On December 8, 1857, in his First Annual Message to Congress, President James Buchanan stated:

<First and above all, our thanks are due to Almighty God for the numerous benefits which He has bestowed upon this people, and our united prayers ought to ascend to Him that He would continue to bless our great Republic in time to come as He has blessed it in time past.> 1791JB004

On December 8, 1857, President James Buchanan stated in his First Annual Message to Congress (Messages and Papers of the Presidents, Vol. 5, pp. 454-456):

<A Territorial government was established for Utah by act of Congress approved the 9th September, 1850, and the Constitution and laws of the United States were thereby extended over it 'so far as the same of any provisions thereof may be applicable.'

This act provided for the appointment by the President, by and with the advice and consent of the Senate, of a governor (who was to be ex officio superintendent of Indian affairs), a secretary, three judges of the supreme court, a marshal, and a district attorney.

Subsequent acts provided for the appointment of the officers necessary to extend our land and our Indian system over the Territory. Brigham Young was appointed the first governor on the 20th September, 1850, and has held the office ever since.

Whilst Governor Young has been both governor and superintendent of Indian affairs throughout this period, he has been at the same time the head of the church called the Latter-day Saints, and professes to govern its members and dispose of their property by direct inspiration and authority from the Almighty. His power has been, therefore, absolute over both church and state.

The people of Utah almost exclusively belong to this church, and believing with a fanatical spirit that he is governor of the Territory by divine appointment, they obey his commands as if these were direct revelations from Heaven.

If, therefore, he chooses that his government shall come into collision with the Government of the United States, the members of the Mormon Church will yield implicit obedience to his will. Unfortunately, existing facts leave but little doubt that such is his determination.

Without entering upon a minute history of occurrences, it is sufficient to say that all the officers of the United States, judicial and executive, with the single exception of two Indian agents, have found it necessary for their own personal safety to withdraw from the Territory, and there no longer remains any government in Utah but the despotism of Brigham Young.

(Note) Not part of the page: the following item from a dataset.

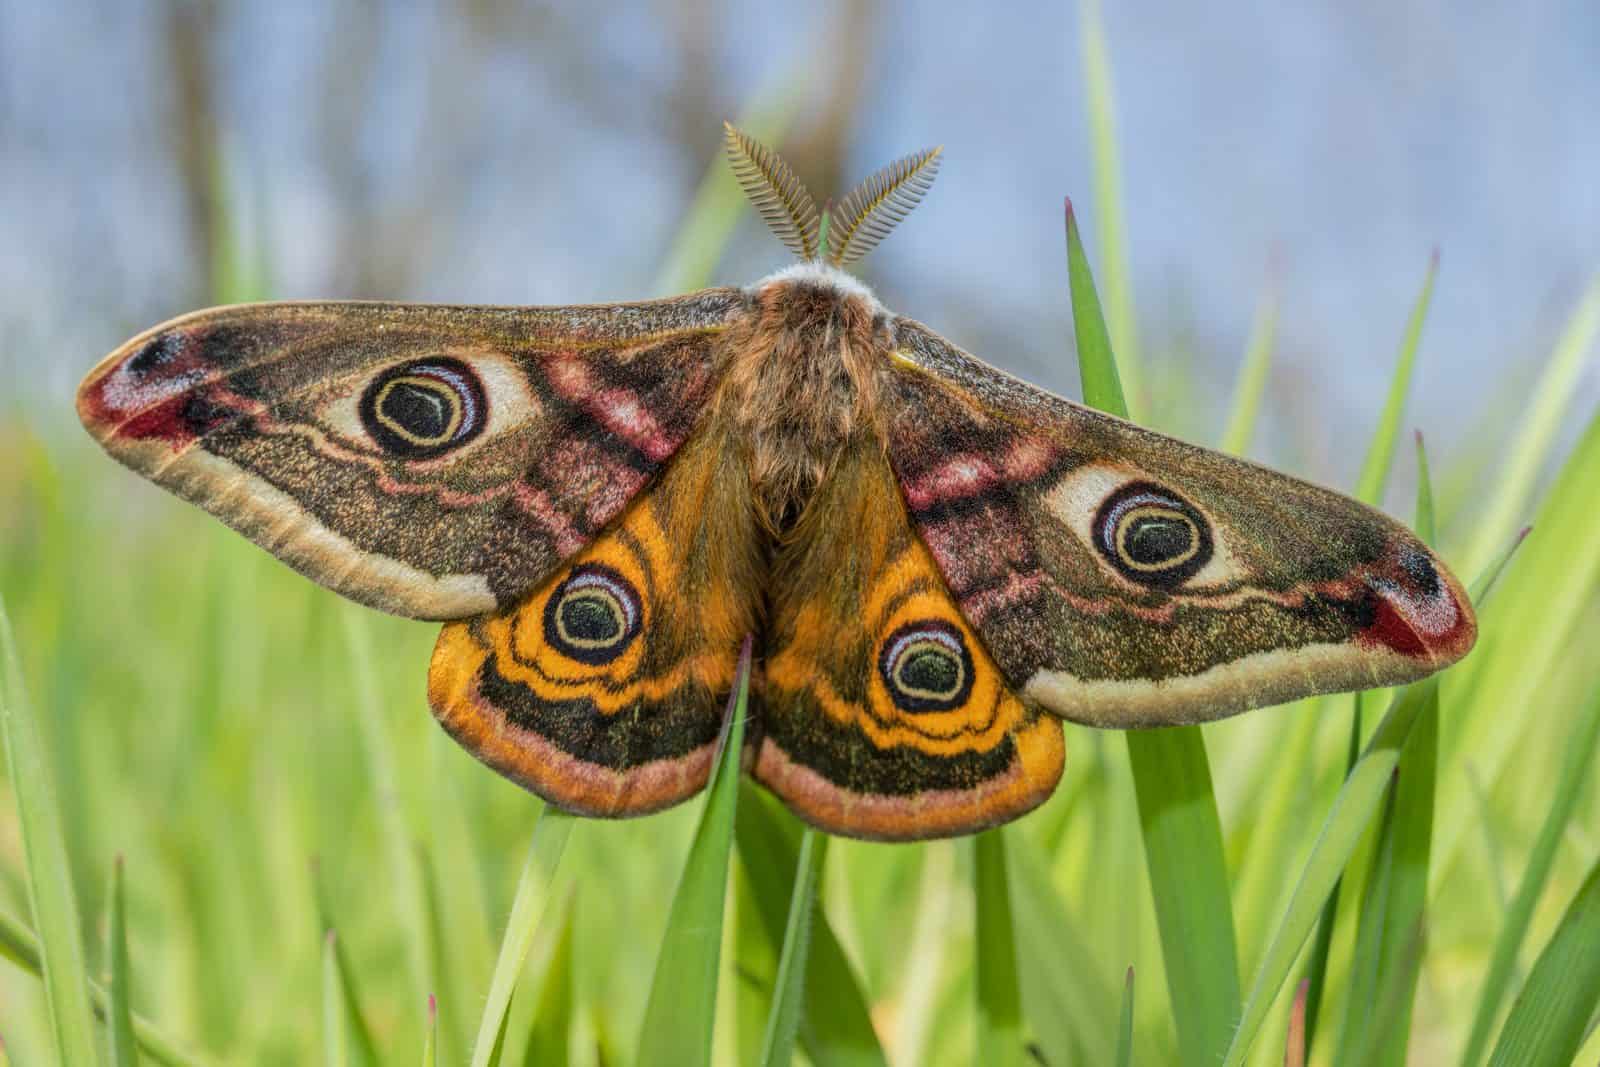 Male Emperor Moth on grass
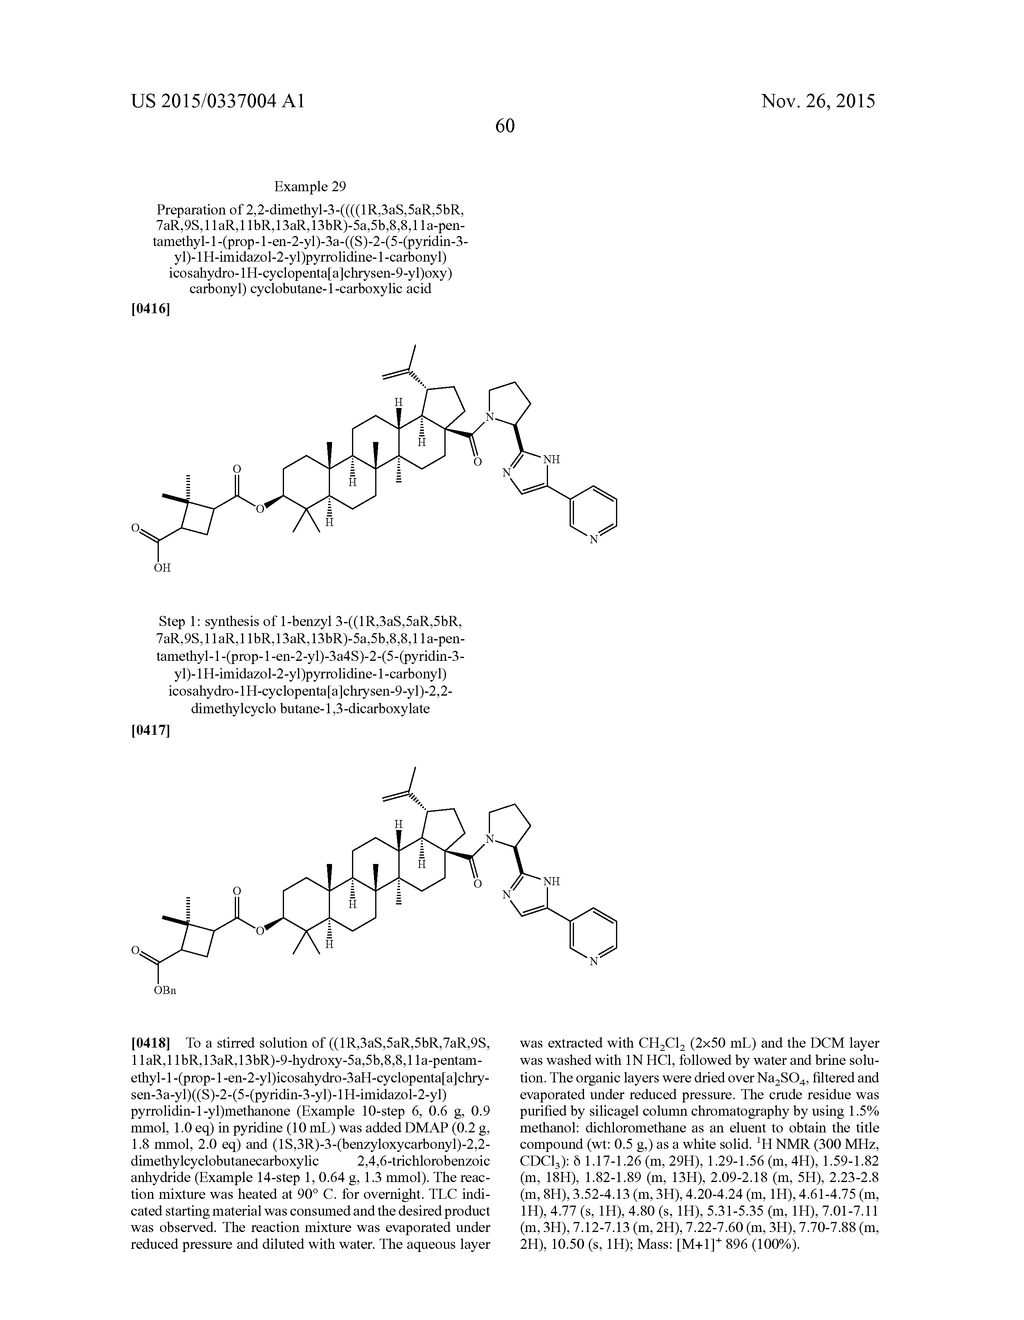 NOVEL BETULINIC ACID PROLINE DERIVATIVES AS HIV INHIBITORS - diagram, schematic, and image 61

This being the condition of affairs in the Territory, I could not mistake the path of duty. As Chief Executive Magistrate I was bound to restore the supremacy of the Constitution and laws within its limits. In order to effect this purpose, I appointed a new governor and other Federal officers for Utah and sent with them a military force for their protection and to aid as a posse comitatus in case of need in the execution of laws.

With the religious opinions of the Mormons, as long as they remained mere opinions, however deplorable in themselves and revolting to the moral and religious sentiments of all Christendom, I had no right to interfere. Actions alone, when in violation of the Constitution and laws of the United States, become the legitimate subjects for the jurisdiction of the civil magistrate.

My instructions to Governor Cummings have therefore been framed in strict accordance with these principles. At their date a hope was indulged that no necessity might exist for employing the military in restoring and maintaining the authority of the law, but this hope has now vanished. Governor Young has by proclamation declared his determination to maintain his power by force, and has already committed acts of hostility against the United States. Unless he should retrace his steps the Territory of Utah will be in a state of open rebellion.

He has committed these acts of hostility notwithstanding Major Van Vliet, an officer of the Army, sent to Utah by the Commanding General to purchase provisions for the troops, had given him the strongest assurances of the peaceful intentions of the Government, and that the troops would only be employed as a posse comititus when called on by the civil authority to aid in the execution of the laws.

There is reason to believe that Governor Young has long contemplated this result. He knows that the continuance of his despotic power depends upon the exclusion of all settlers from the Territory except those who will acknowledge his divine mission and implicitly obey his will, and that an enlightened public opinion there would soon prostrate institutions at war with the laws both of God and man. He has therefore for several years, in order to maintain his independence, been industriously employed in collecting and fabricating arms and munitions of war and in disciplining the Mormons for military service.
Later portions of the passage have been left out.